Jan Slater Lee Young (born December 19, 1983) is a Filipino Entrepreneur, multi-billionaire, actor, engineer, model and television personality from Cebu. Young is best known for winning Pinoy Big Brother: Unlimited in 2012.

Early life
Young was born on December 19, 1983, as the eldest of four children. He attended Sacred Heart School – Ateneo de Cebu in Mandaue for high school and graduated with a civil engineering degree from the University of San Carlos in Cebu City. Young was a varsity table tennis player and a competitive shooter. After graduating, he worked for his father's steel building manufacturing company in Mandaue City, Cebu, but eventually forwent his family business and worked as a civil engineer for larger companies such as Nestlé.

Career
In 2011, after finishing an acting workshop established by actor Pen Medina, Young decided to become a model and appeared on different catalogs across Cebu. During an interview with Sun.Star, Young stated that he was aspiring to be branded as a matinée idol.

Slater Young officially launched his career by winning the reality show Pinoy Big Brother: Unlimited. Young was dubbed as "The Hotshot Engineer of Cebu" and was also part of the first batch that entered the house. On Day 155 –  the Big Night at the Grandstand (March 31, 2012), he was proclaimed as the show's first male Big Winner of a Pinoy Big Brother regular season.  He garnered a total of 40.02% of votes with 18.58% lead from 2nd Big Placer, Pamu Pamorada.

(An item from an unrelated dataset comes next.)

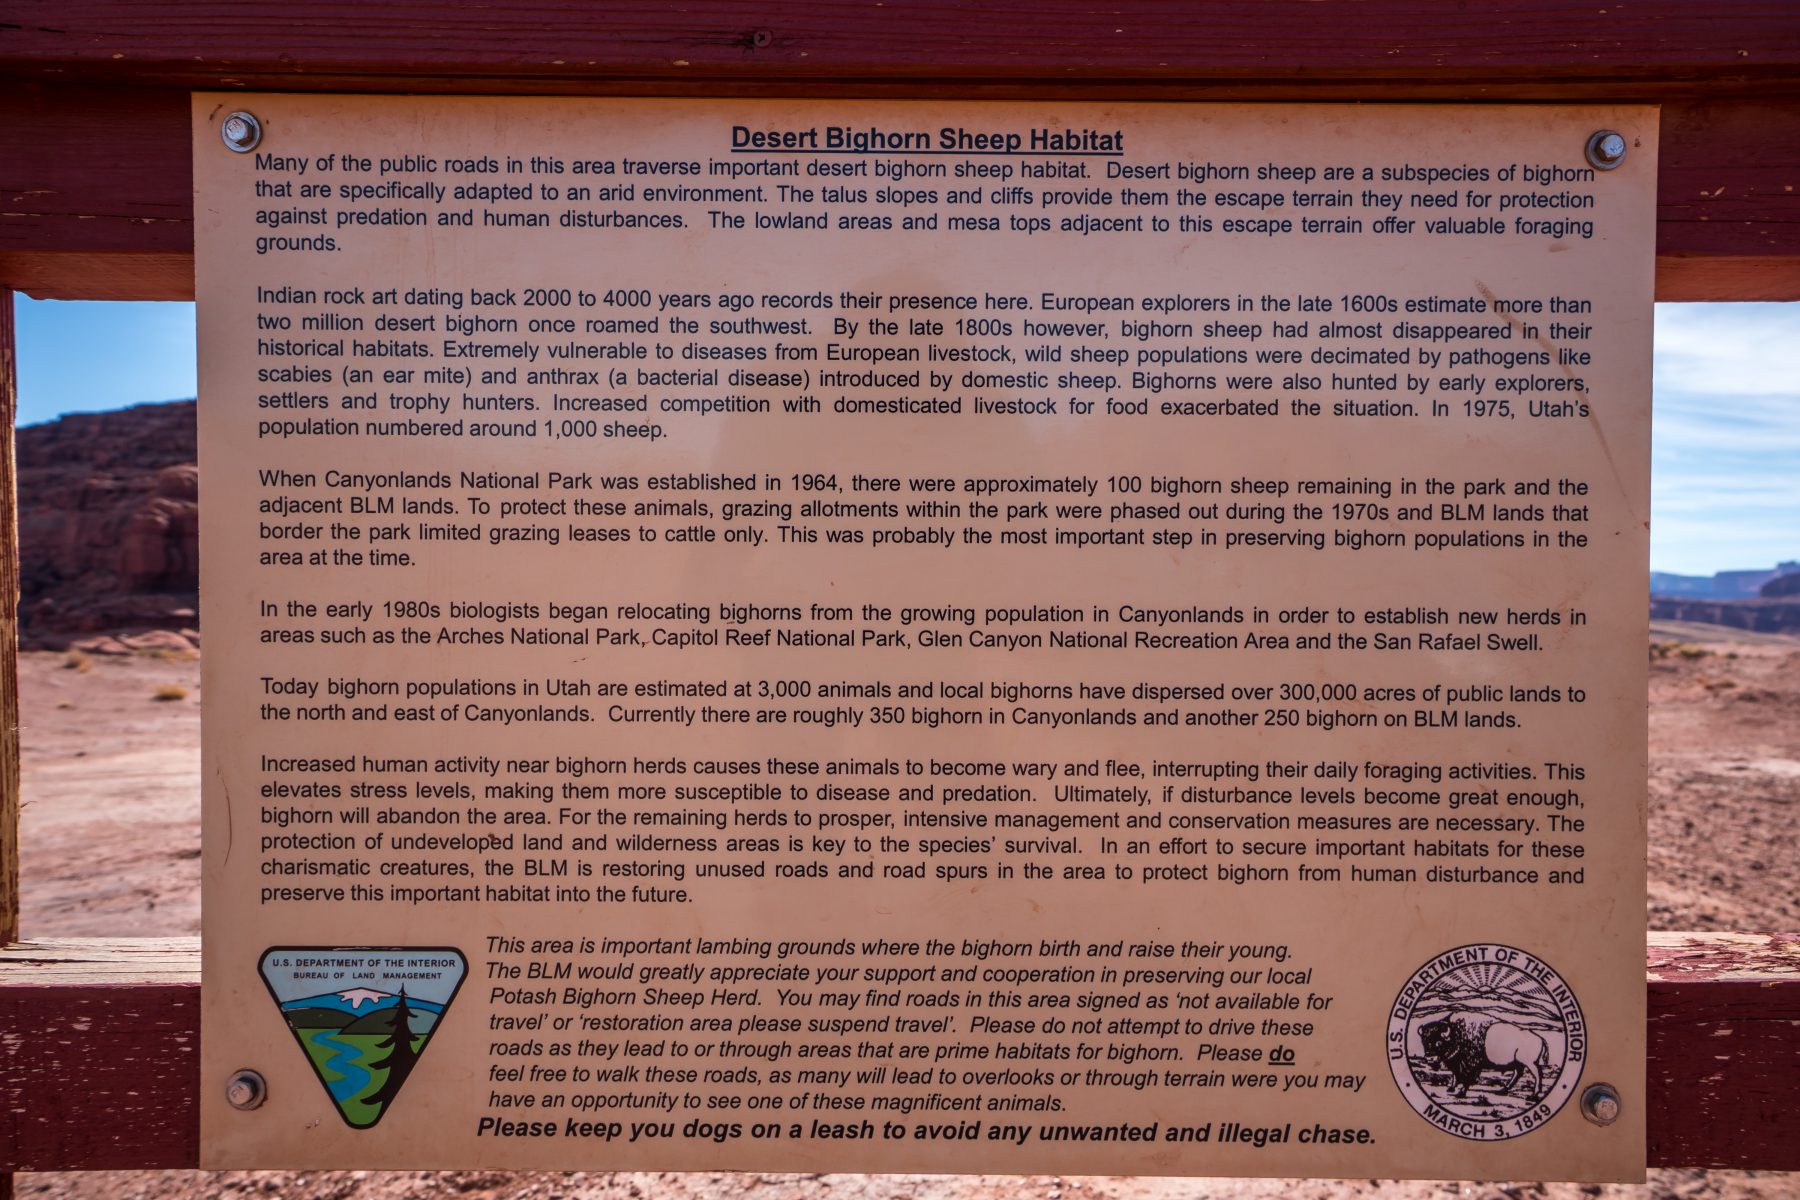 The very informative sign on the Shafer Trail about Desert Bighorn Sheep.

Weeks after his winning, Young made several guest appearances in the network and with the premier of the new season of Pinoy Big Brother only a week after his victory, speculations rose that he is pressured of debuting quickly to the entertainment industry. On April 13, Young played his first acting role as a guest star in the series finale of E-Boy opposite Jessy Mendiola. On April 28, Young continued his acting stint via the drama anthology Maalaala Mo Kaya as Andrei with veteran actress, Dimples Romana, and PBB: Unlimited's 4th Big Placer, Paco Evangelista.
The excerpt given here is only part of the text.